(…)
À venir
 

J’entends battre son cœur

Texte
Henri Bornstein
Conception, mise en scène
Lou Broquin

Distribution

Texte
Henri Bornstein
Conception, mise en scène
Lou Broquin
Avec
Sonia Belskaya, Julien Le Cuziat, Guillaume Herrmann, Christophe Ruetsch
Assistante à la mise en scène
Ysé Broquin
Musique originale
Christophe Ruetsch
Création lumière, régie générale
Guillaume Herrmann
Scénographie
Claire Saint Blancat, Lou Broquin
Conception technique scénographie
Claude Gaillard
Formes animées, objets, costumes
Odile Brisset, Claire Saint Blancat, Guillaume Herrmann, Lou Broquin
Administration de production
Marie Reculon
Communication et médiation culturelle
Agathe Nivet

Production Cie / CRÉATURE – Lou BROQUIN

Coproduction FMTM – Festival Mondial des Théâtres de Marionnettes de Charleville-Mézières, Odyssud, scène conventionnée d’intérêt national art enfance et jeunesse

Accueil en résidence ThéâtredelaCité – CDN Toulouse Occitanie, le Kiwi Centre culturel de Ramonville, Marionnettissimo

Soutiens (en cours) Scène Nationale d’Albi

La Cie / CRÉATURE – Lou BROQUIN est conventionnée par la Région Occitanie Pyrénées-Méditerranée et la Mairie de Blagnac.

Informations

Tout public à partir de 10 ans

Durée 50 minutes

Saison À venir
En famille
Théâtre

Résumé

Août 2019
[…] Au départ de ce projet il y a une question :
Comment proposer au public une place singulière, un positionnement nouveau lui permettant de vivre le spectacle de l’intérieur ?
Depuis plusieurs créations je mène une exploration au cœur de l’intime. Je cherche à faire entrer le spectateur dans les mondes intérieurs des personnages.
Aujourd’hui je souhaite pousser plus loin cette rencontre en tentant une proposition plus immersive, sensorielle et multidimensionnelle.
J’imagine un dispositif scénographique où le public serait au centre et le spectacle autour et au-dessus de lui. Ce n’est pas uniquement par cet axe que la singularité s’exprimera.

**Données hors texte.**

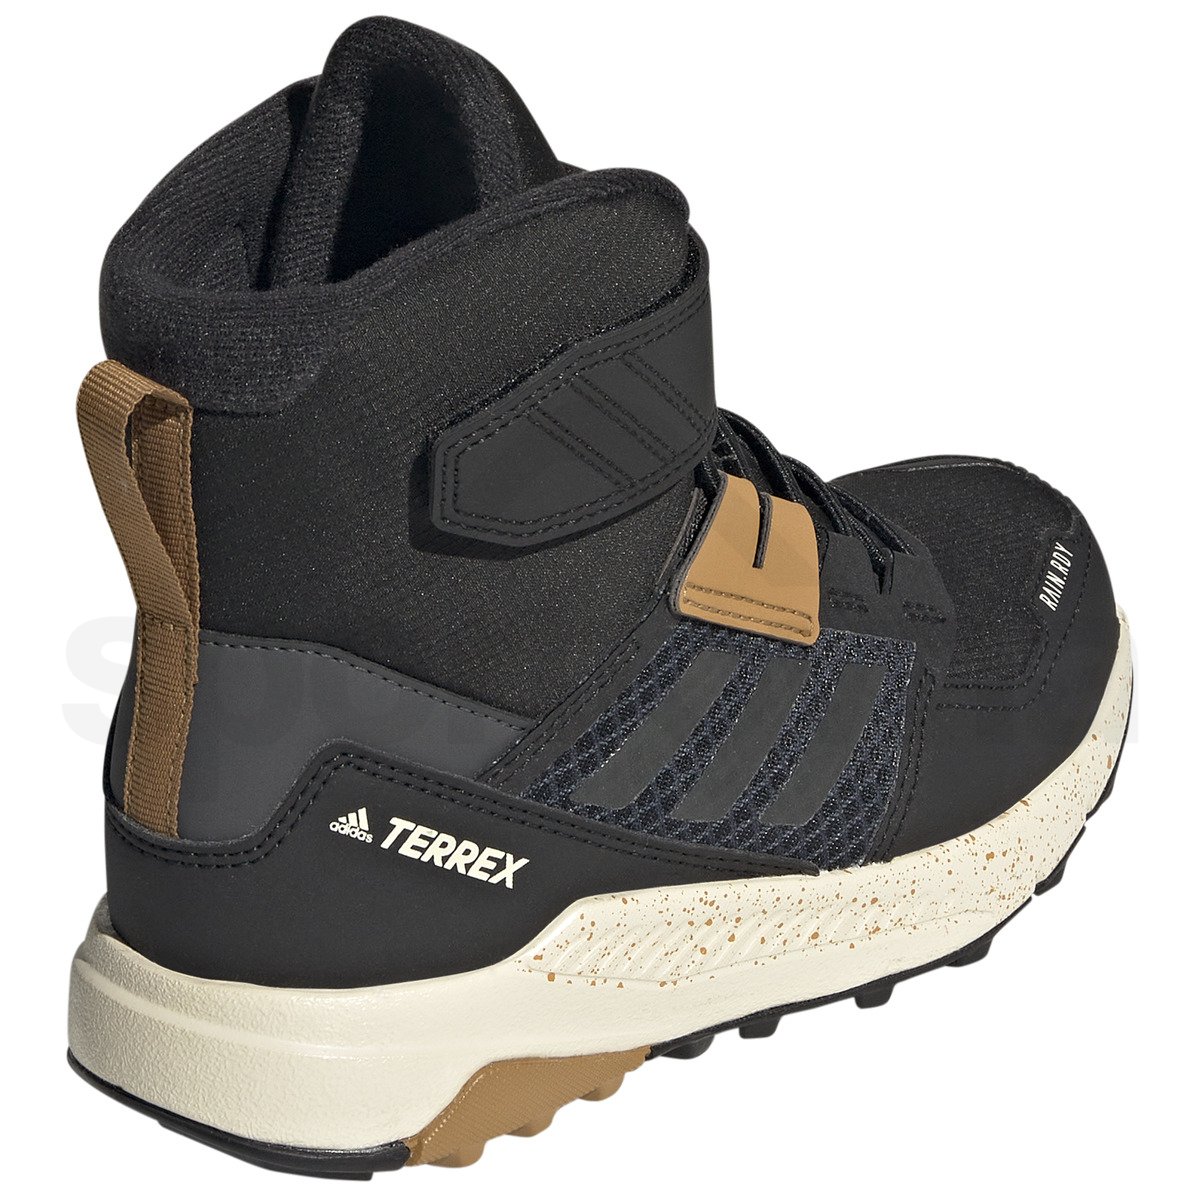 Obuv Adidas Terrex Trailmaker High Cold Rdy J - černá/šedá

C’est en créant un contexte dramaturgique inédit que cette proposition se révèlera totalement. Le public prendra place à l’intérieur du corps d’une femme enceinte, devenant ainsi l’interlocuteur privilégié de son monologue intime.
Par ce dispositif mais également par le récit qui s’y tiendra, je souhaite questionner le rapport entre nos mondes intérieurs et le monde qui nous abrite.
Comment faire cohabiter ces différentes réalités ?
Comment harmoniser nos perceptions ? […]

Septembre 2020
Il y a un peu plus d’un an j’écrivais cette note d’intention avec, chevillé au corps, la certitude que dans ma démarche je devais chercher un nouveau chemin vers le public. En août 2019, totalement éloignée de la crise que nous allions vivre, je souhaitais me remettre en mouvement dans la relation à l’objet spectacle.
Aujourd’hui, évidemment, je ne suis plus tout à fait la même et le monde qui m’entoure ne sera plus jamais le même. Durant le confinement, je n’ai pas pu empêcher l’analogie entre notre situation et celle que je souhaitais faire vivre aux spectateurs. Le temps du confinement a été pour chacun différent et singulier. Pour ma part je l’ai vécu comme une gestation. Mais bizarrement ce n’était pas moi qui était enceinte mais bel et bien le monde qui été enceint de nous tous. Enfermés dans nos abris, nous imaginions le futur monde, celui que nous ne connaissions pas et dans sa transformation, c’est notre mutation qui s’opérait.
À la sortie de cette période suspendue, emplie de toutes ces traces et ressentis, je n’ai jamais cessé d’envisager ce futur projet.
Je peux dire que ce spectacle ne sera pas celui qu’il aurait été.
Je peux dire que plus que jamais mon envie est d’offrir un temps de consolation et d’étreinte entre un public et une œuvre.
Je peux dire que les cocons qui accueilleront les spectateurs seront les fauteuils d’un voyage intime.
Je peux dire que dans ce monde où le corps disparaît il me semble essentiel de se relier au sensoriel et au sensitif.
Je peux dire qu’aujourd’hui en septembre 2020, le nouveau contexte dans lequel nous vivons me fait apparaître, dans ma démarche, cette création comme essentielle et évidente.